* **Your assignment**: Beneath this line are entries. Copy the range from the line with "Vogo Athletica Purple Long Sleeve Top Vogo" to the line with "2021-Genesis-GV80-May21", ends included, exactly; leave pictures out.

* **Exercise data**:
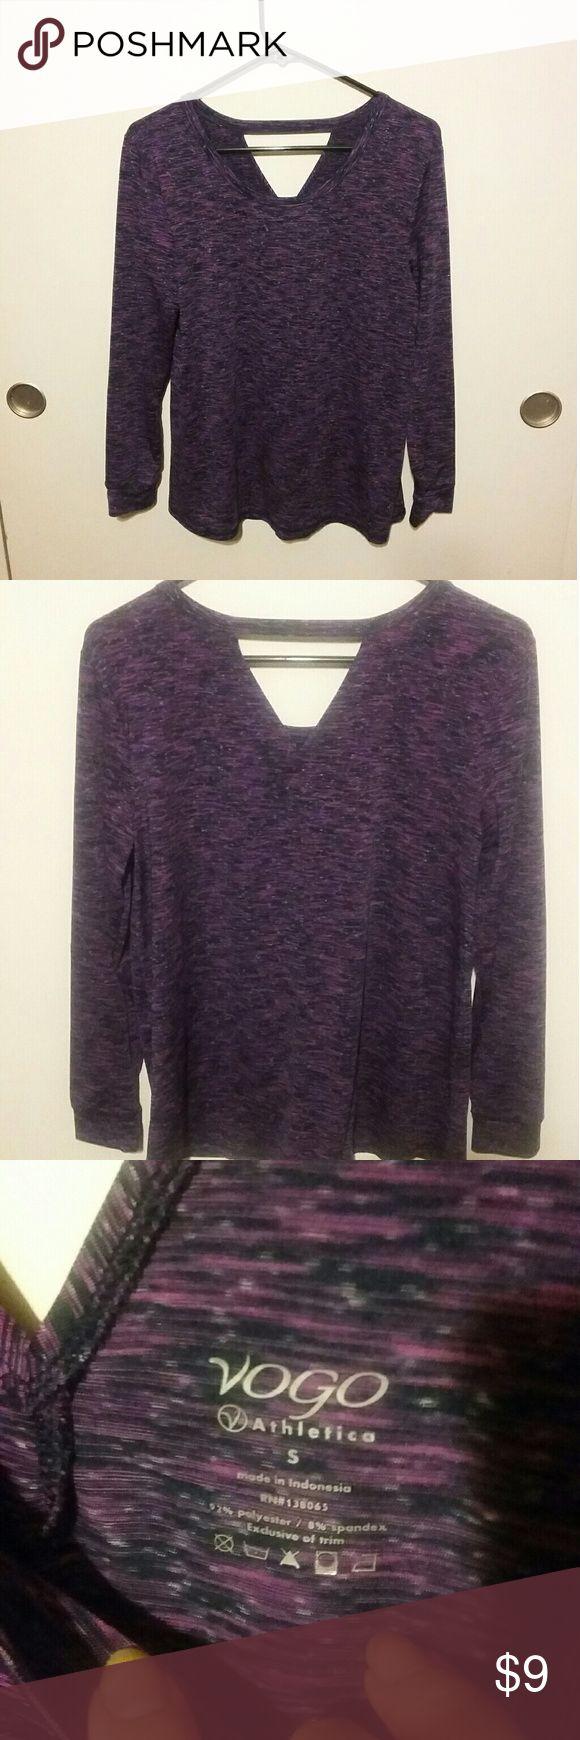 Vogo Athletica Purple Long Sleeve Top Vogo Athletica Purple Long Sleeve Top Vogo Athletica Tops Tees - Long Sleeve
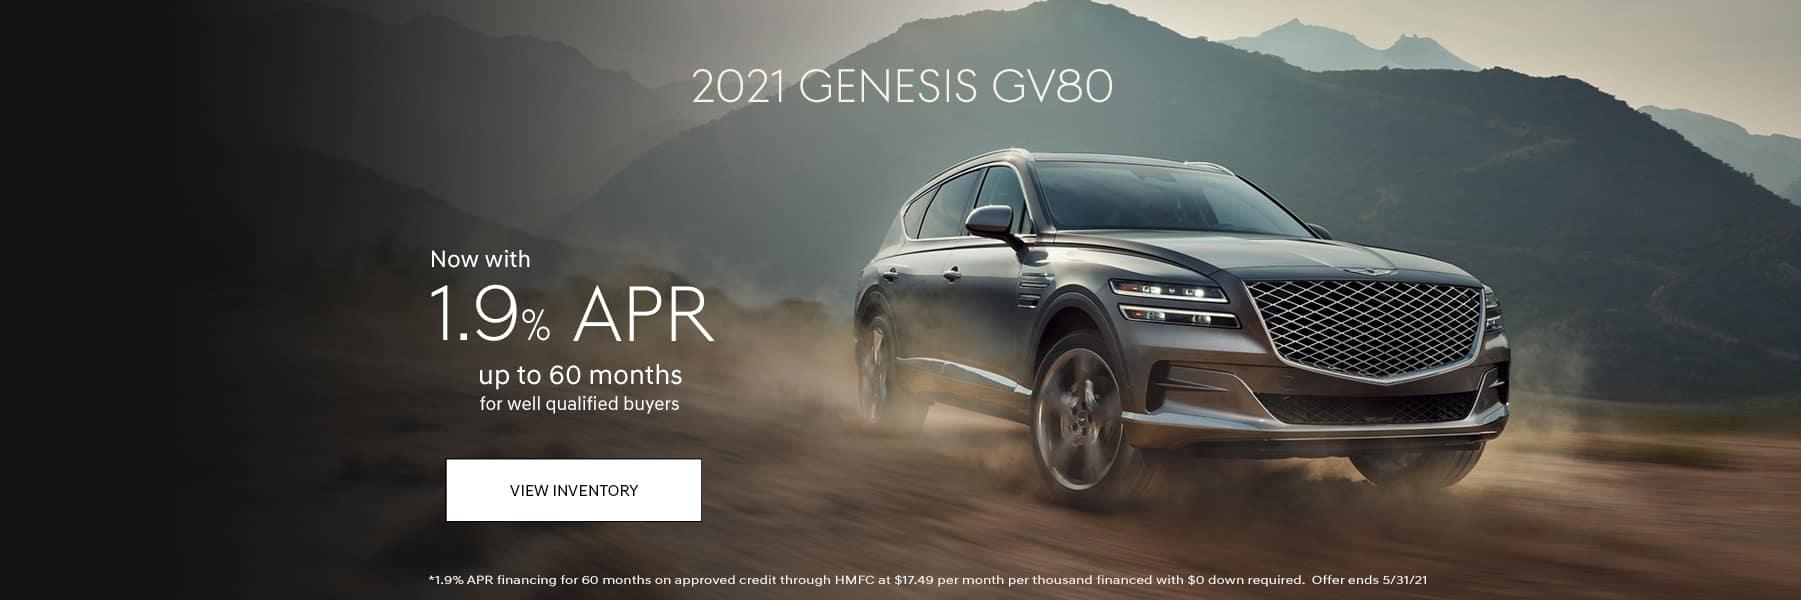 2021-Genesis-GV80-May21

--

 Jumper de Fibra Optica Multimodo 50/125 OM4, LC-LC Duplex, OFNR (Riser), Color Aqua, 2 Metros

* **Solution to this exercise**:
 Vogo Athletica Purple Long Sleeve Top Vogo Athletica Purple Long Sleeve Top Vogo Athletica Tops Tees - Long Sleeve
 2021-Genesis-GV80-May21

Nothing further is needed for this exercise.